_DATASET SECTION_
++++++++++++++++++++

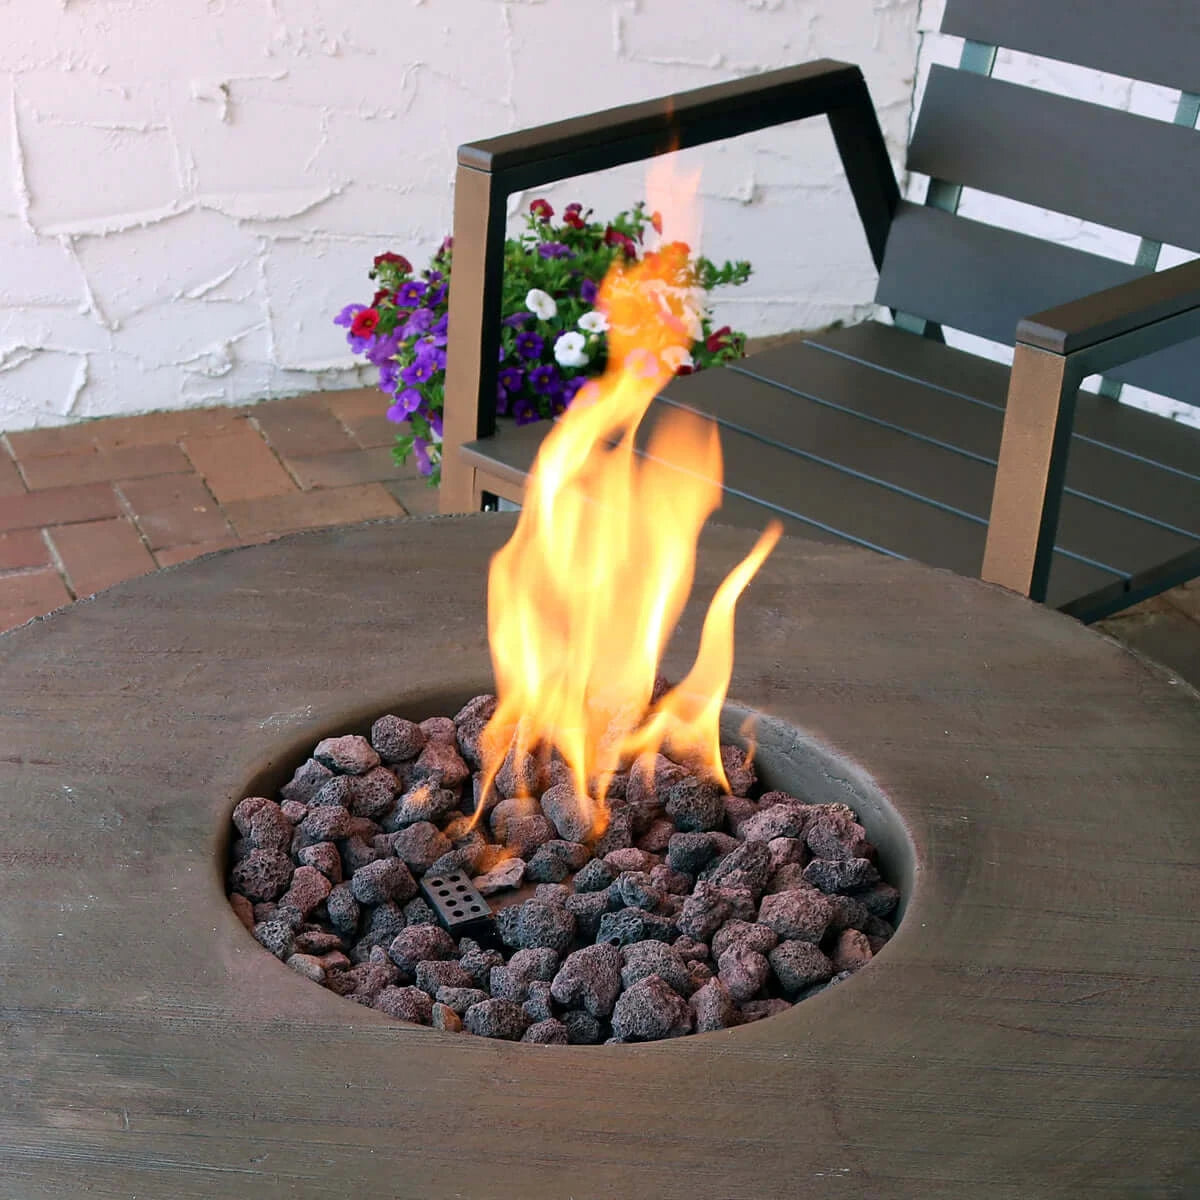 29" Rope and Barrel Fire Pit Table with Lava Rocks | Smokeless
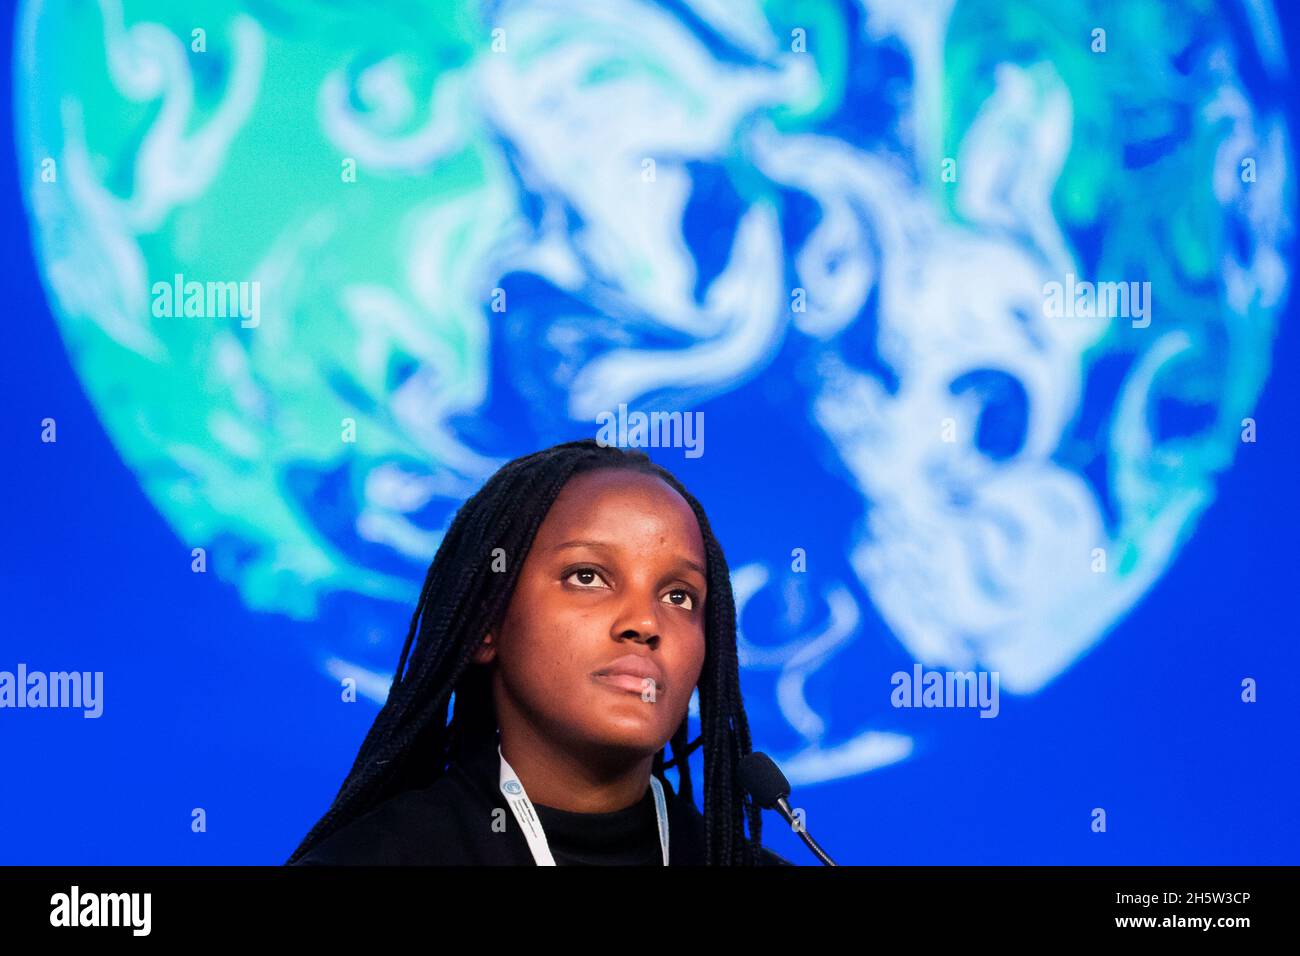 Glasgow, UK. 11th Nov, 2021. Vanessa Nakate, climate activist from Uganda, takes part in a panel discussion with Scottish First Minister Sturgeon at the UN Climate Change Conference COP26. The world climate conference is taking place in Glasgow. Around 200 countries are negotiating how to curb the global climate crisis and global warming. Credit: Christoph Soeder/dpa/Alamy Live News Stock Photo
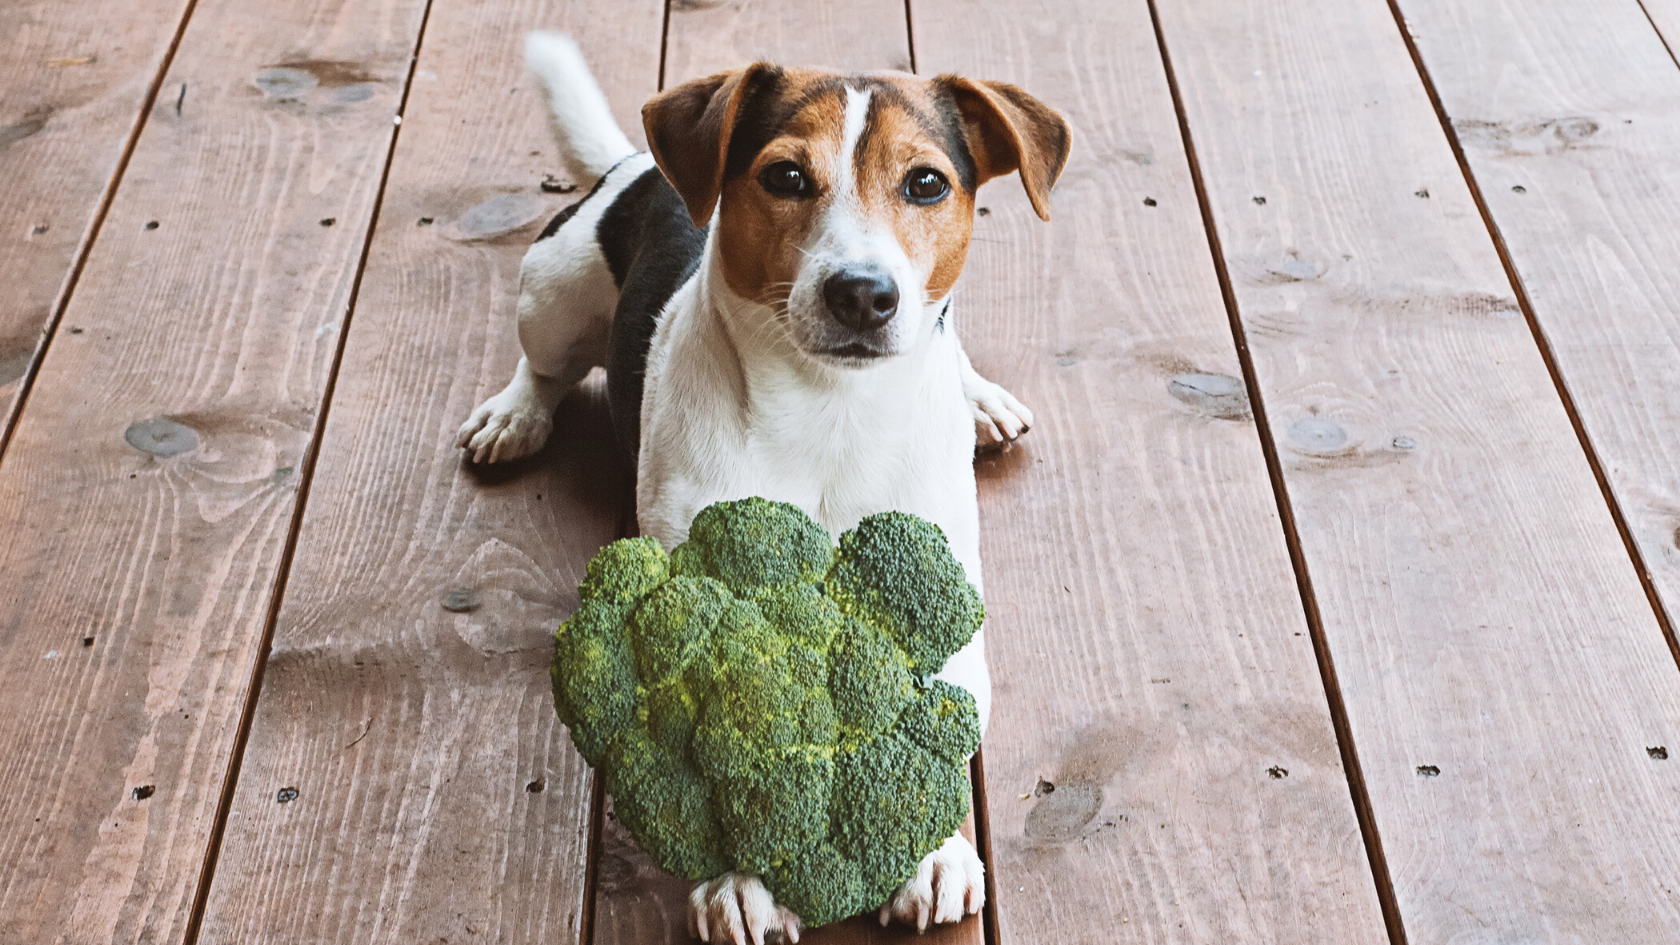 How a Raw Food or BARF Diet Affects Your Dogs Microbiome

++++++++++++++++++++

_WHAT IS NEEDED_
Copy all the material above exactly, but skip each image.

_ANSWER SPACE_
 29" Rope and Barrel Fire Pit Table with Lava Rocks | Smokeless
 Glasgow, UK. 11th Nov, 2021. Vanessa Nakate, climate activist from Uganda, takes part in a panel discussion with Scottish First Minister Sturgeon at the UN Climate Change Conference COP26. The world climate conference is taking place in Glasgow. Around 200 countries are negotiating how to curb the global climate crisis and global warming. Credit: Christoph Soeder/dpa/Alamy Live News Stock Photo
 How a Raw Food or BARF Diet Affects Your Dogs Microbiome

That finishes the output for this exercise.